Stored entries
-- Opening Marker --

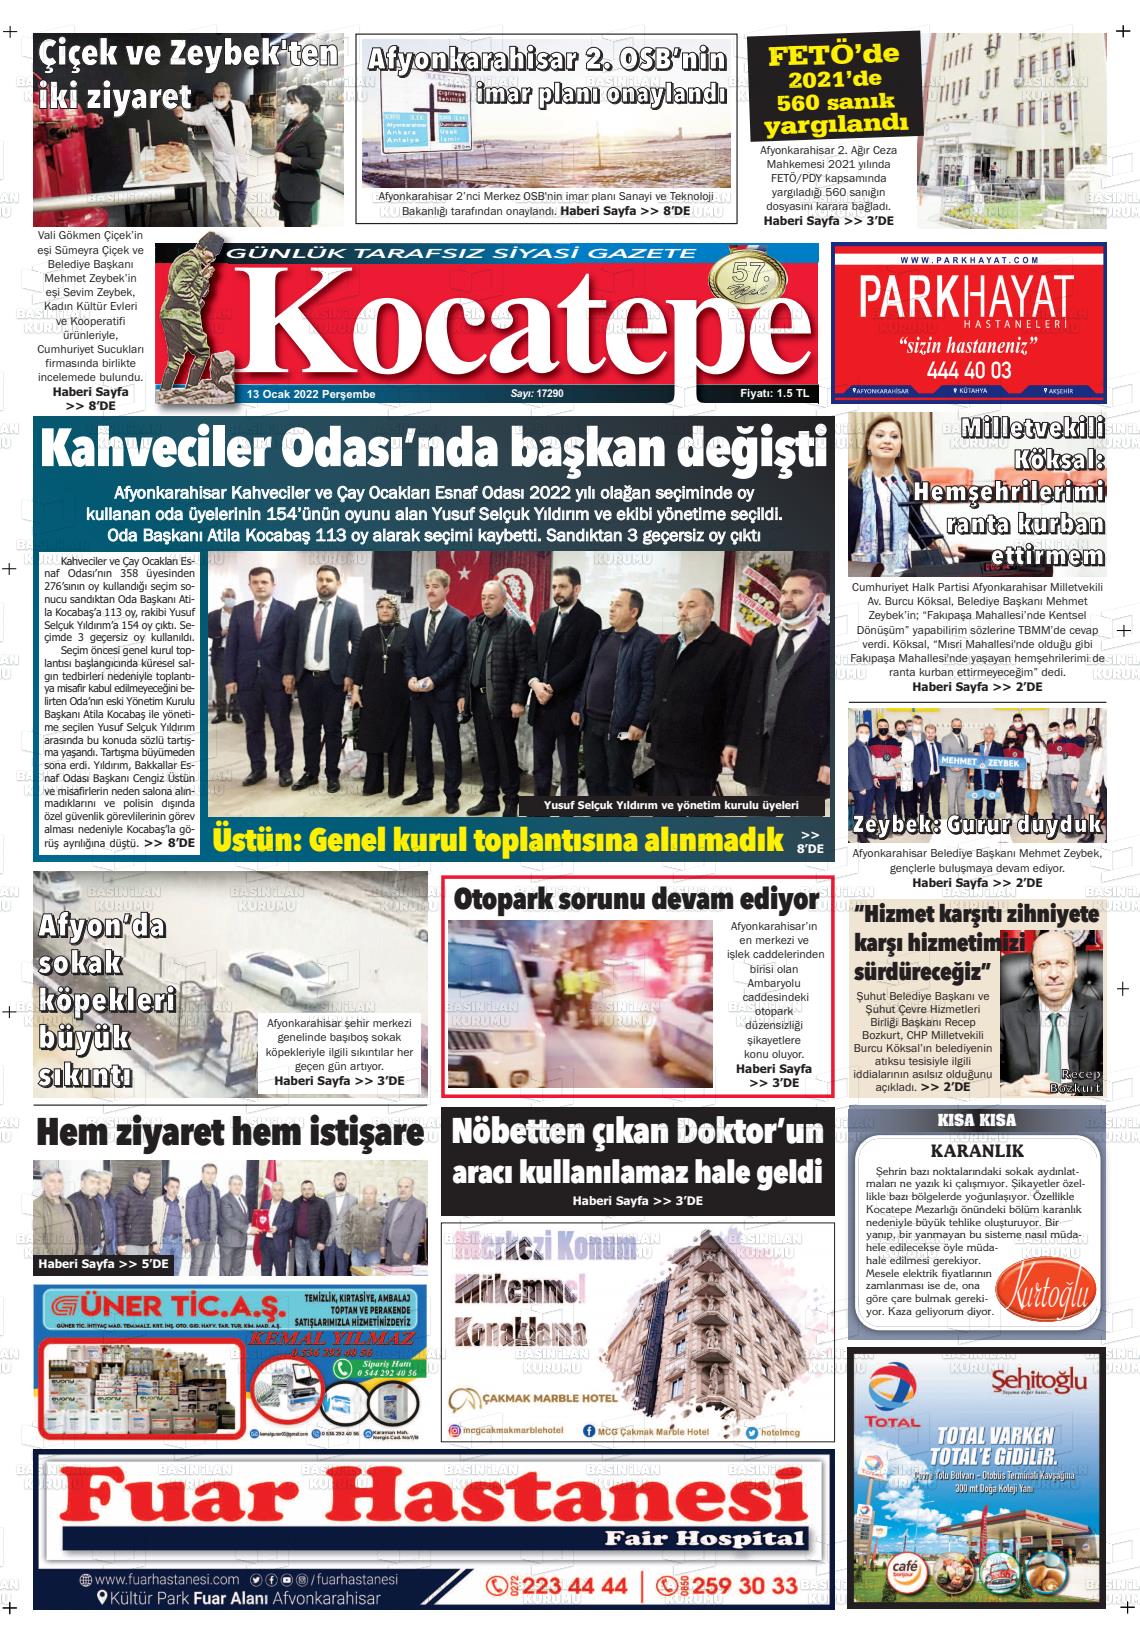 13 Ocak 2022 Kocatepe Gazete Manşeti
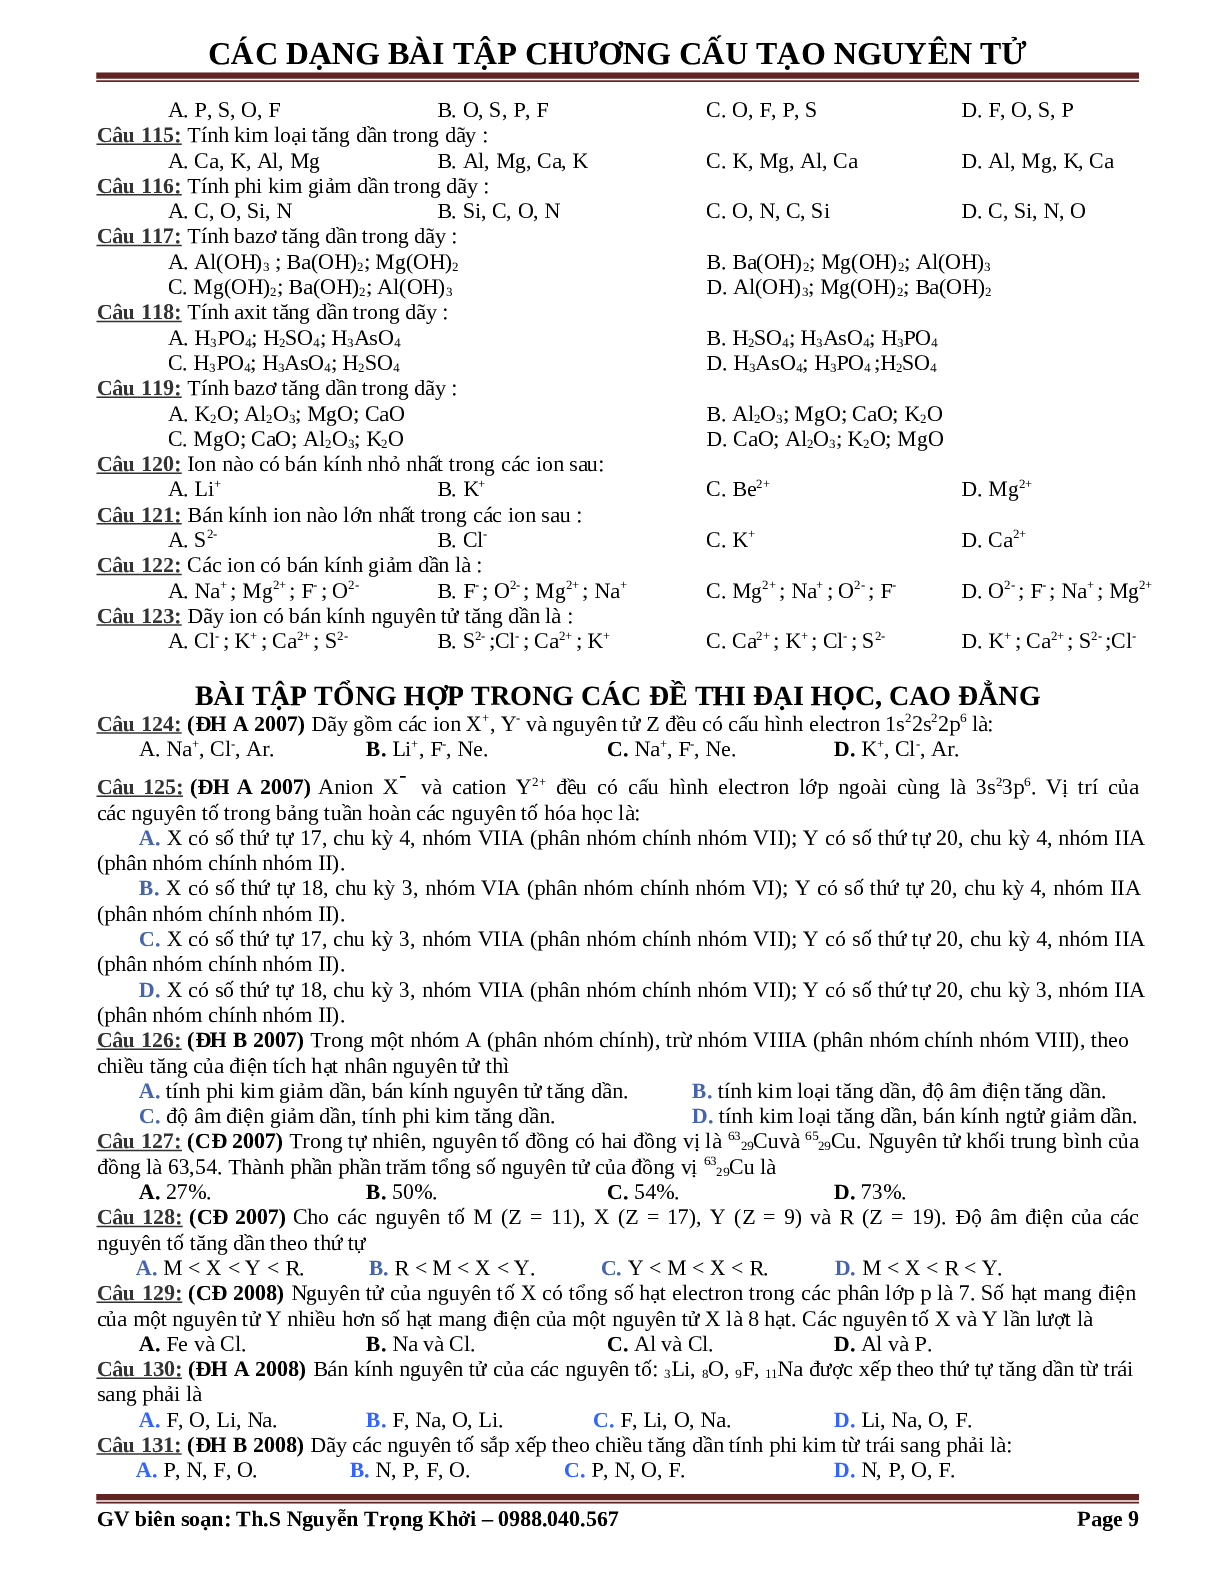 Bài tập về cấu tạo nguyên tử cơ bản, nâng cao (trang 9)
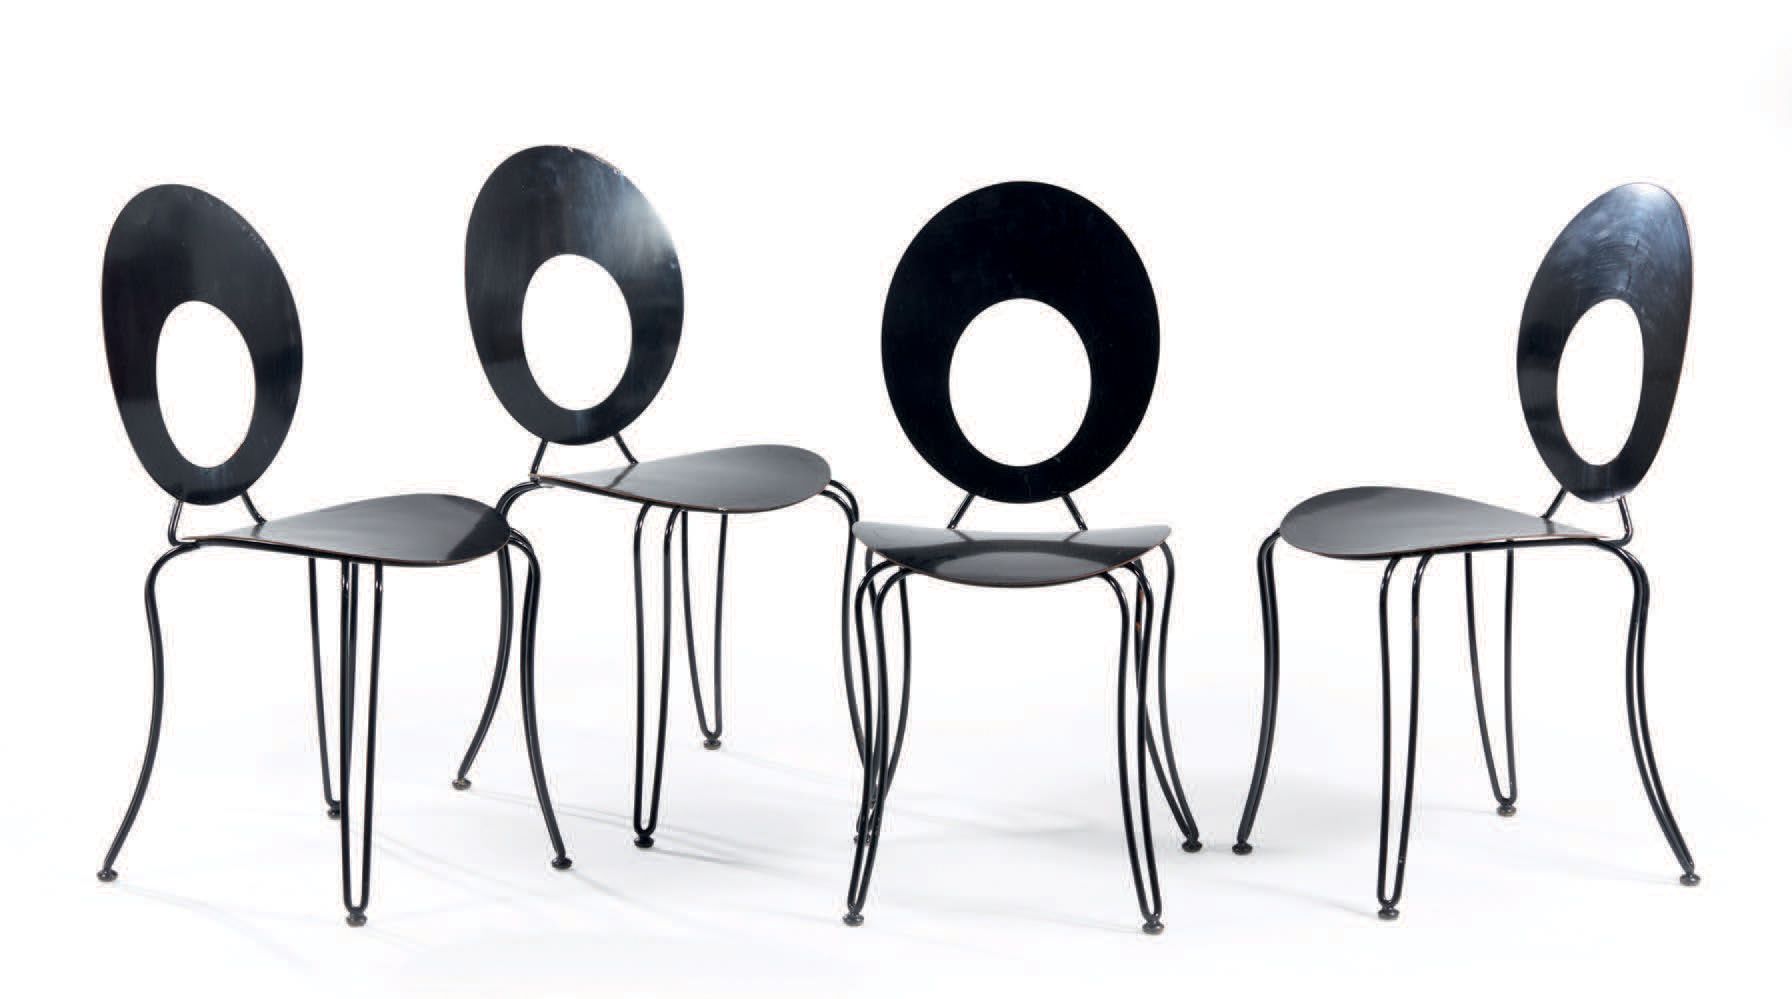 TRAVAIL FRANÇAIS 一套四把黑色漆面金属椅，背部有镂空设计
H : 89 W : 40 D : 53 cm
(漆面有裂痕和缺失)

-- Closing Marker --

- _WORK REQUIRED_: Write the entries out again word for word. Omit all pictures from them.

- _ANSWER AREA_:
 13 Ocak 2022 Kocatepe Gazete Manşeti
 Bài tập về cấu tạo nguyên tử cơ bản, nâng cao (trang 9)
 TRAVAIL FRANÇAIS 一套四把黑色漆面金属椅，背部有镂空设计
H : 89 W : 40 D : 53 cm
(漆面有裂痕和缺失)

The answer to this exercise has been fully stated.